_Records excerpted from a collection_
....

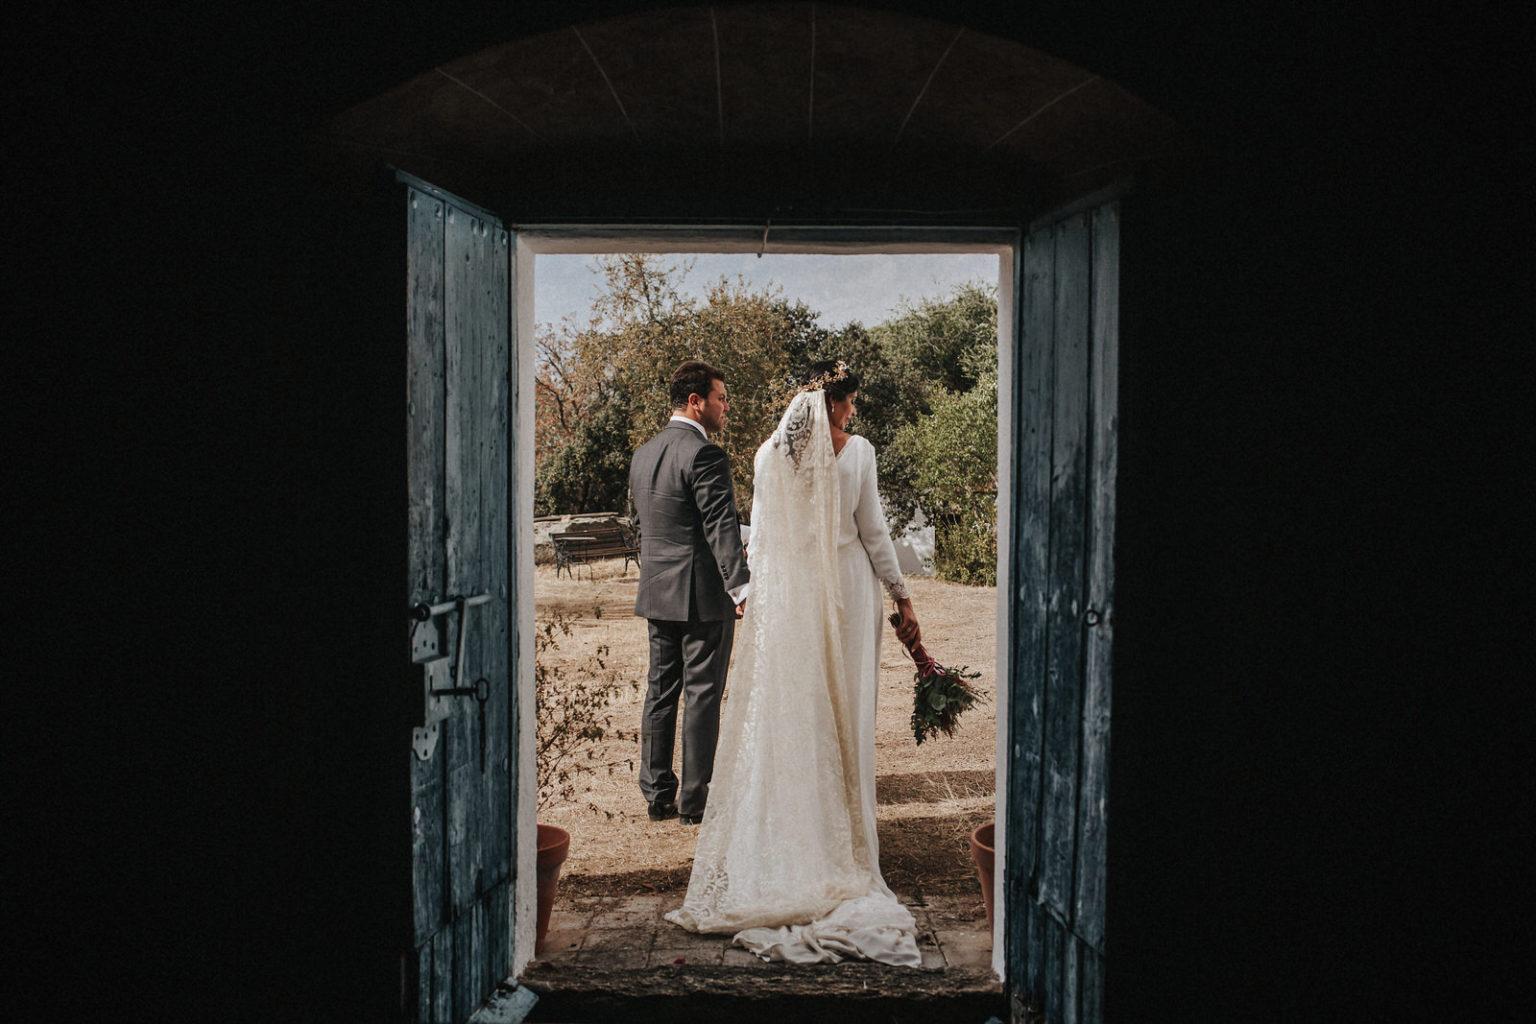 Reportaje de boda intimo, diferente, natural. Boda Extremadura
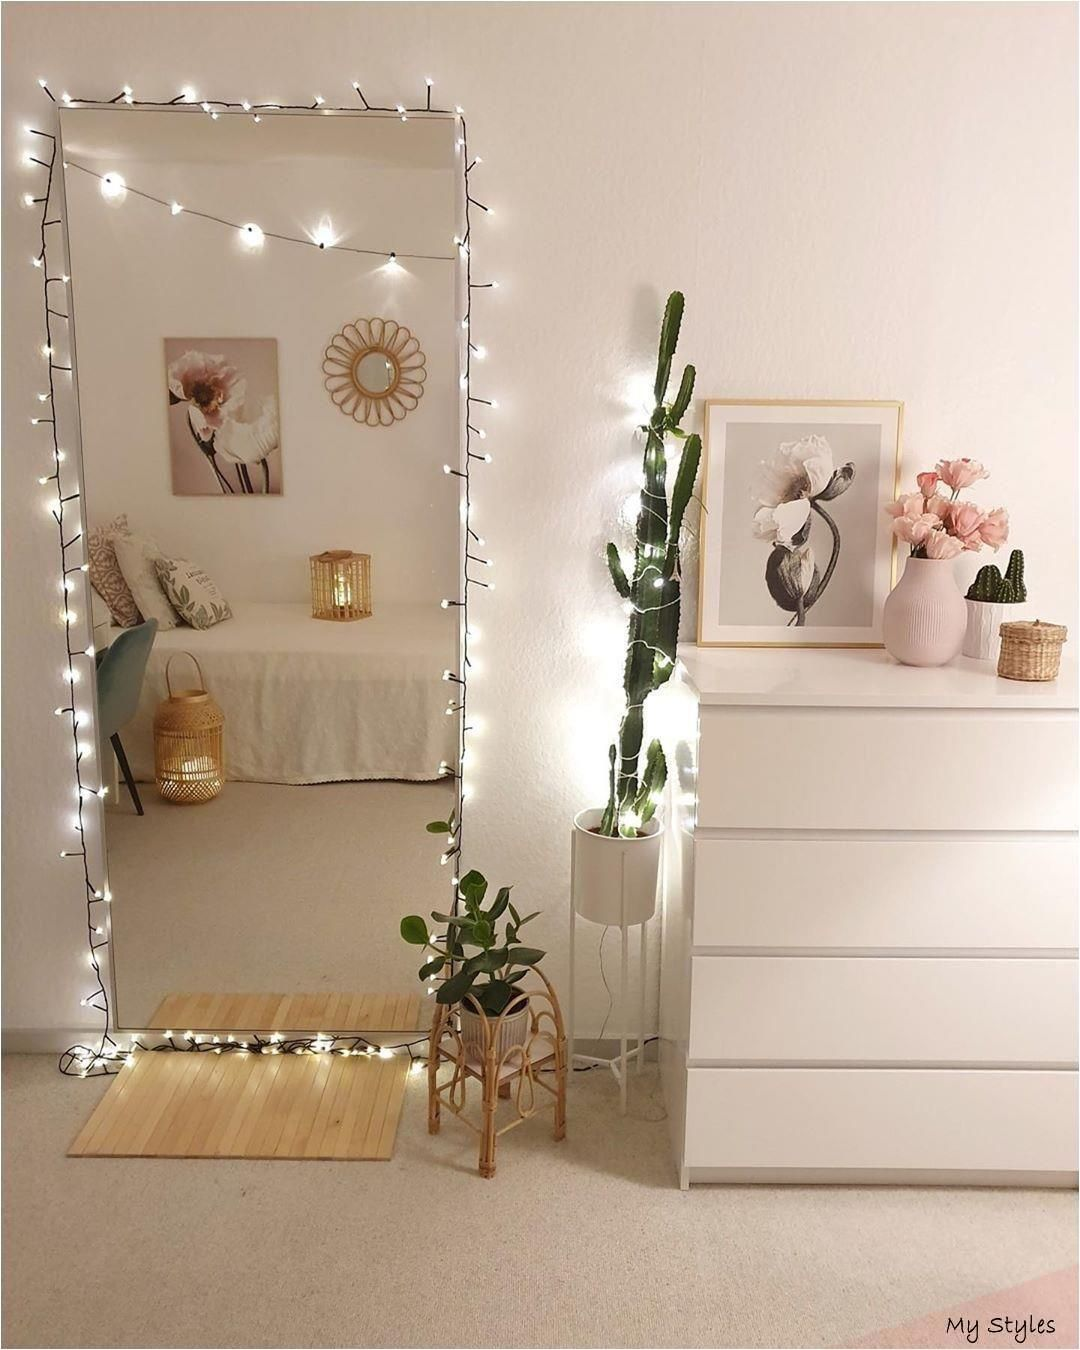 Home Decor Inspiration A A A On Instagram A A A Via My Homely Decor A A A Venster Modellen In 2020 Aesthetic Room Decor Room Decor Girl Bedroom Decor
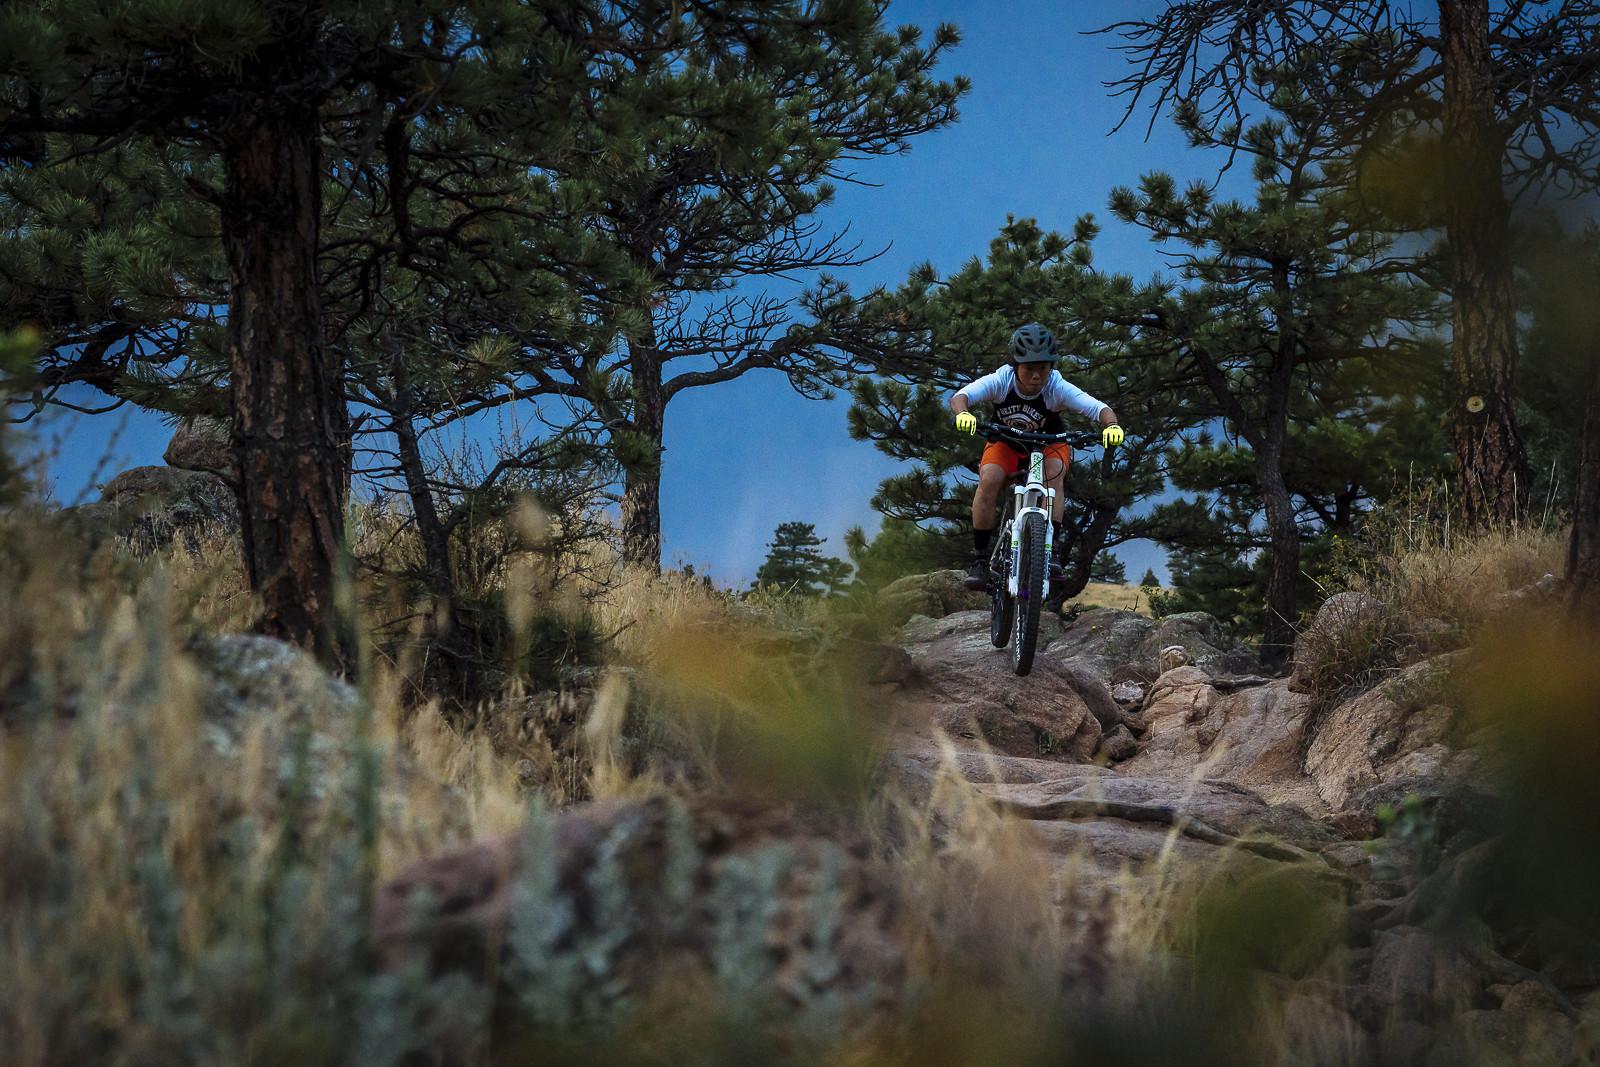 Autumn Trail Riding - gold_007 - Mountain Biking Pictures - Vital MTB
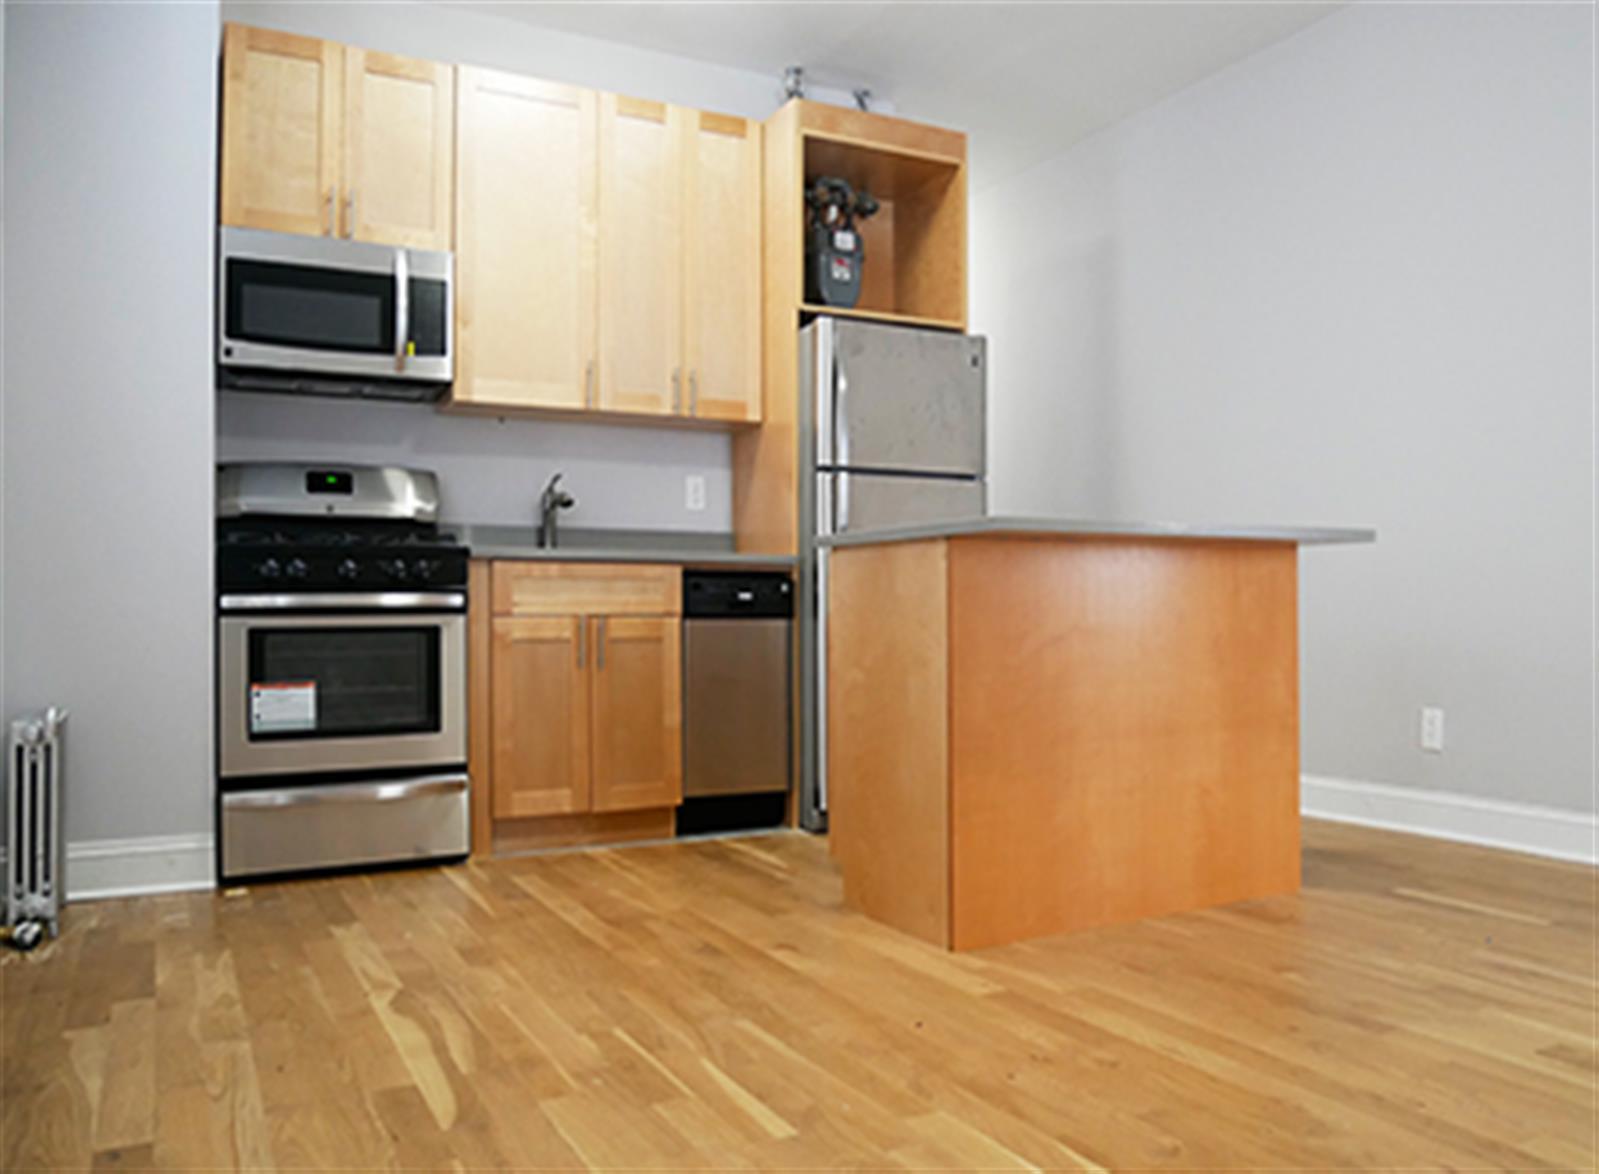 FOUR BEDROOM - Washington Heights
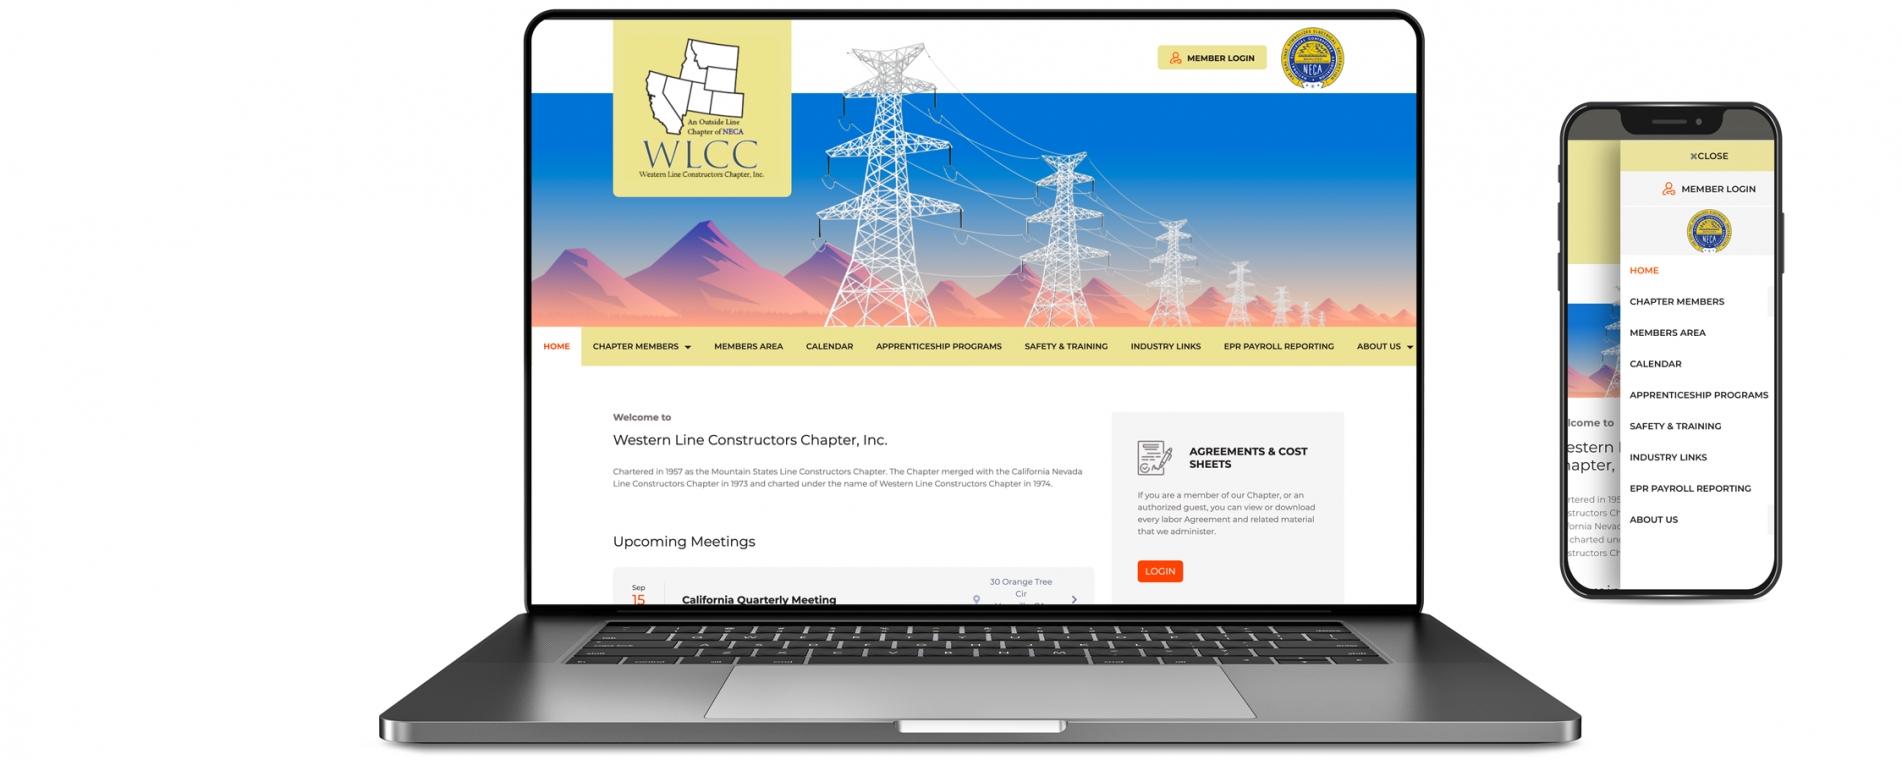 Western Line Constructors Inc

....

_What the task asks_
What you output must match the data exactly, apart from the pictures, which are left out.

_Result_
 Reportaje de boda intimo, diferente, natural. Boda Extremadura
 Home Decor Inspiration A A A On Instagram A A A Via My Homely Decor A A A Venster Modellen In 2020 Aesthetic Room Decor Room Decor Girl Bedroom Decor
 Autumn Trail Riding - gold_007 - Mountain Biking Pictures - Vital MTB
 FOUR BEDROOM - Washington Heights
 Western Line Constructors Inc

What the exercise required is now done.